AVAILABLE DATA -
((

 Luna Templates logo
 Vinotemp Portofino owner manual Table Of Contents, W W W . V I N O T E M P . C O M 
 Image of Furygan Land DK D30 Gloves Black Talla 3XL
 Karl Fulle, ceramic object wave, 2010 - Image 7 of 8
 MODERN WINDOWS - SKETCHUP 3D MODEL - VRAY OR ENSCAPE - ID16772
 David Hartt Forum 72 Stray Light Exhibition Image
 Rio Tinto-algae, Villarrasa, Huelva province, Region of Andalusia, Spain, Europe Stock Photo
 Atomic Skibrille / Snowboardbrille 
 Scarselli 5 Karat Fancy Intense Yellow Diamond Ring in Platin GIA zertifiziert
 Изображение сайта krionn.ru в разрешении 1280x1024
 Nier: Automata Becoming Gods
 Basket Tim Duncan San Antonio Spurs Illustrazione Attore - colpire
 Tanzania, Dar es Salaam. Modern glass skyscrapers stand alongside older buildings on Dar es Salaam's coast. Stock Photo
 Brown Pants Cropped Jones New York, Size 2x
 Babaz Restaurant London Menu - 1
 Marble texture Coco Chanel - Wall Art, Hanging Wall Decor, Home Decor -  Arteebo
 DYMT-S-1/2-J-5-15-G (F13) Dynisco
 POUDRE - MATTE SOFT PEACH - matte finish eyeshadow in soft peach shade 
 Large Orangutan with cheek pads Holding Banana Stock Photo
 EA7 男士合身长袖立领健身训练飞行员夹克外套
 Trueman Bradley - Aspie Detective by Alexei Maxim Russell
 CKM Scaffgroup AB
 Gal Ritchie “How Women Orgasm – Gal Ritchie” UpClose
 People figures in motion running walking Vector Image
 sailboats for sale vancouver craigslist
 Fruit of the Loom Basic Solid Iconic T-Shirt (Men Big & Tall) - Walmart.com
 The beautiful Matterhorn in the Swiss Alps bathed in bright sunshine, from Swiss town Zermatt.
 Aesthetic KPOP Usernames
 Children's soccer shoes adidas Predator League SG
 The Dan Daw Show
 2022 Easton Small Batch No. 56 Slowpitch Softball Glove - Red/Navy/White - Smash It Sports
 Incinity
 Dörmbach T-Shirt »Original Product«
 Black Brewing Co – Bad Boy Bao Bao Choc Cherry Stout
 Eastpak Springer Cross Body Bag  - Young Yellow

))

WORK INSTRUCTION -
A single number is the answer here: the count of lines in the material above holding the string "Yellow".

RESULT FOR THIS TASK -
2